Роберт увидел ее и -- ужаснулся. Он смотрел на нее, как на ангела, замедлившего возмездием. Он чувствовал себя ничтожным, а ее -- стоящей выше всего земного и не мог вынести мысли еще раз встретить ее взгляд. Он опустился на колени и поцеловал край ее платья; потом, все еще стоя на коленях, вырвал листок из своей записной книжки и написал: "Мама! или -- как мне назвать тебя? Твоя любовь указала мне много путей, но я ни одному из них не мог следовать, не отягощая своей совести раскаянием. Поэтому я избираю путь, туда, куда ты в воспоминании последуешь за мной -- примиренная. Прощай!"
Мне нечего описывать вам отчаяние матери перед трупом сына. Тут уже кончается обязанность рассказчика.

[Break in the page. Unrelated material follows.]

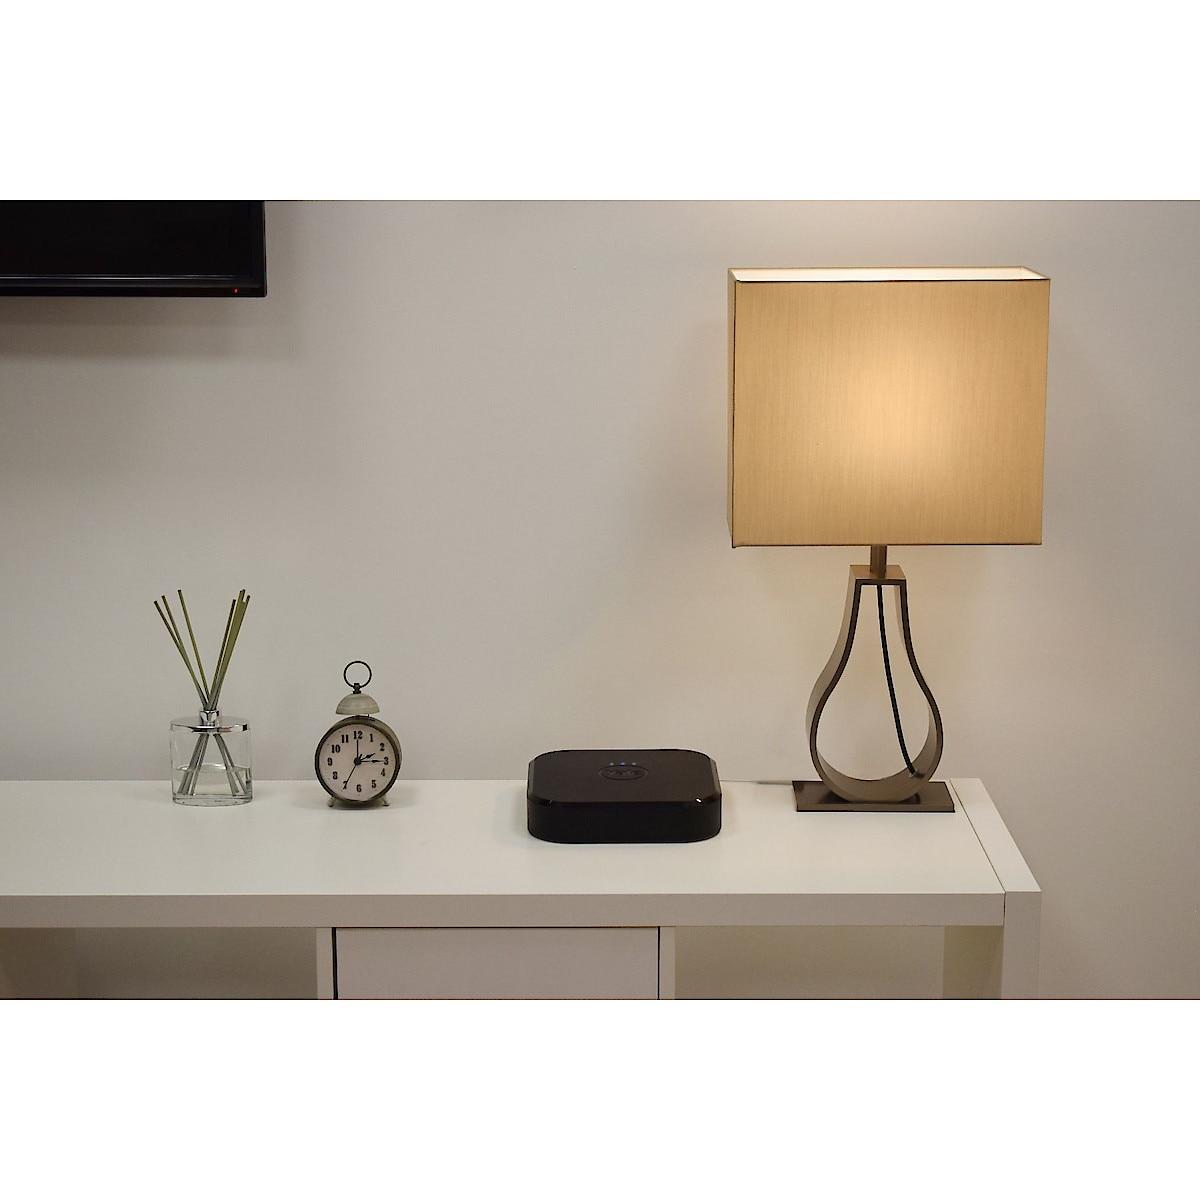 Yale Smart Home 2-Camera CCTV Kit
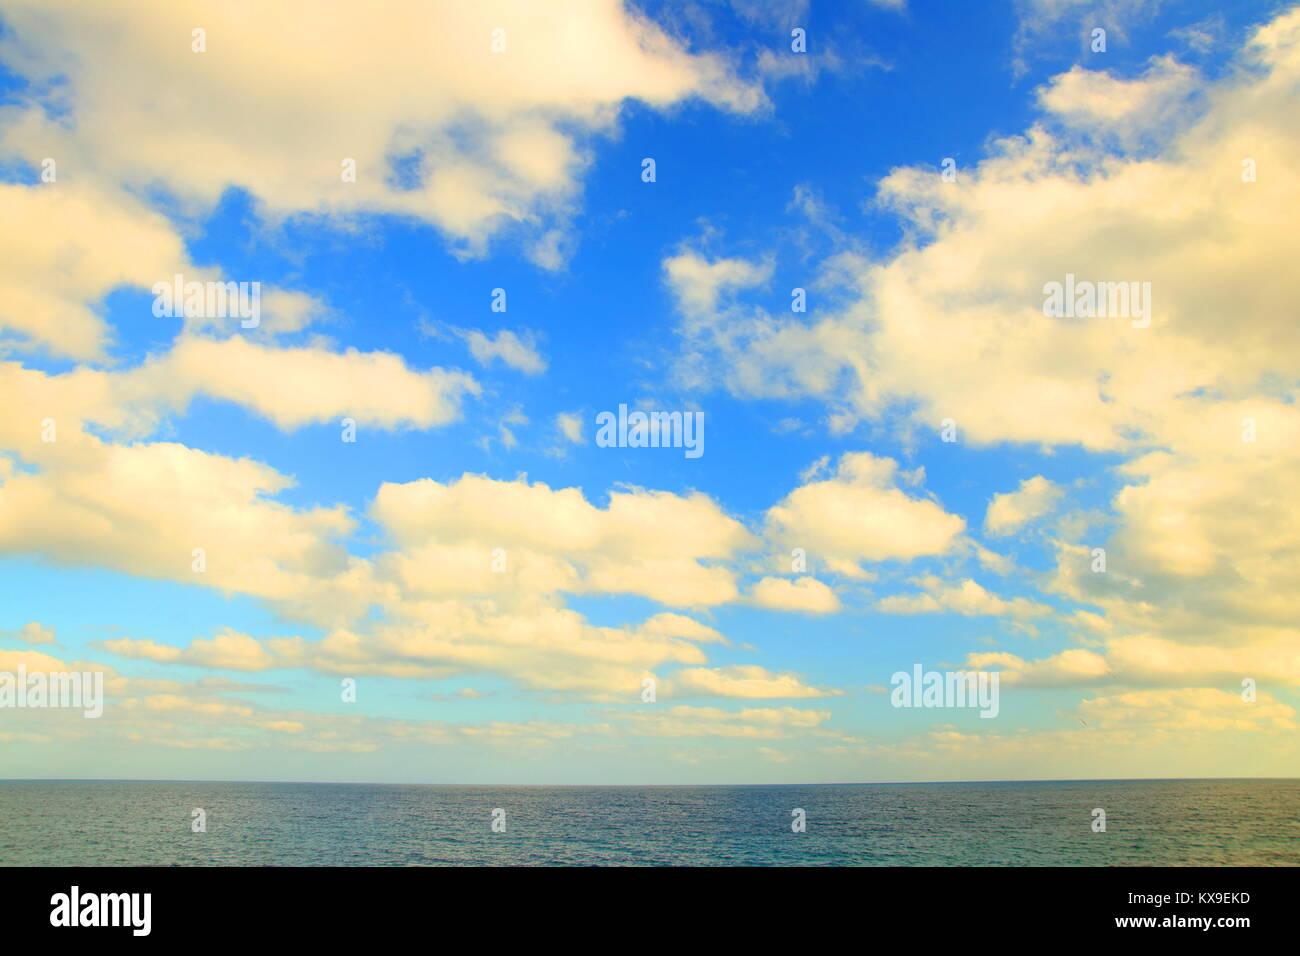 Cloudy sky and sea horizon - Stock Image

-- В людях, подобных этому Роберту, есть всегда что-то призрачное, -- задумчиво сказал Борзати. -- Они словно принадлежат к миру духов. Такая трагическая утонченность в поступках, такой подъем -- возможны только в наше время. Дети, в страхе рожденные и в страхе воспитанные, уже с детства сродняются со смертью... Друзья, мы дышим негероическим воздухом!
Он встал и распахнул окно. Дождь лил потоками; сверкала молния, вдали громыхал гром. Несмотря на поздний час, приходилось переждать непогоду.
-- Рудольф, затвори, пожалуйста, окно! -- воскликнула Франциска, -- во мне недостаточно героизма, чтобы переносить холод.
Хадвигер взял свой стул и, перейдя через всю комнату, уселся около Франциски, а так как он сделал это со своей обычной чванливой угрюмостью, то его друзья не могли удержаться от улыбки.
-- Я знал одну женщину, -- снова начал Борзати, -- у которой было двое детей. Она их боготворила и вечно терзалась страхом за их жизнь. Она страдала бацилломанией и создала себе правильную систему научного суеверия, в которой бациллы являлись в ролях чертей и ведьм средневековья. ее муж, энергичный и уравновешенный характер, очень желал привить жене более здравые понятия, но все его сопротивление, все на-ставления ни к чему не вели, и судьбе было угодно, чтобы она оказалась правой и чтобы это случилось при ужасных обстоятельствах.
Муж заболел ангиной, и жена запретила ему подходить к детям, -- вполне понятная предосторожность; но, уже привыкнув к спорам и неудовольствиям по этому поводу, он восстал против страха привидений, как он называл боязнь жены, и принялся уверять, что его болезнь не может передаться ребенку; затем, не думая о том, что его поступок ничего не докажет, если и не будет иметь дурных последствий, он в жару спора подошел к постельке одного из спавших детей, и, прежде чем жена успела помешать ему, -- поцеловал ребенка. Случилось то, что всегда должно случиться, когда в дело замешаются злые силы: ребенок заразился и не вынес болезни.
Такая тесная связь между причиной и действием бросается в глаза человеку только после того, как он гордо отрицал их взаимную зависимость; если же он ссылается на опыт, то на сцену должно явиться чудо, чтобы доказать ему его ничтожество.
-- Совсем, как в рулетке, -- сказал Каэтан, -- ставишь на красное, а выигрывает черное.
-- От земного стола можно уйти, -- прибавил Ламберг, -- а если нельзя, то можно, по желанию, ставить, сколько угодно; в жизни -- иначе: уйти нельзя, и ставки назначает сам банкомет.
Все сидели молча, с волнением глядя в пространство, словно перед ними, на разрисованном занавесе, проходили в лицах и картинах те жизни и случайности, которые, вылившись в слово, захватили их на несколько преходящих минут. Более всех погруженной в себя казалась Франциска: ее скрещенные белые руки неподвижно лежали на темной шали, губы были строго сомкнуты, глаза то подымались, то опускались, точно она боролась с физическим страданием.
Каэтан первый заторопился уходить: он несколько педантично относился к правильному образу жизни.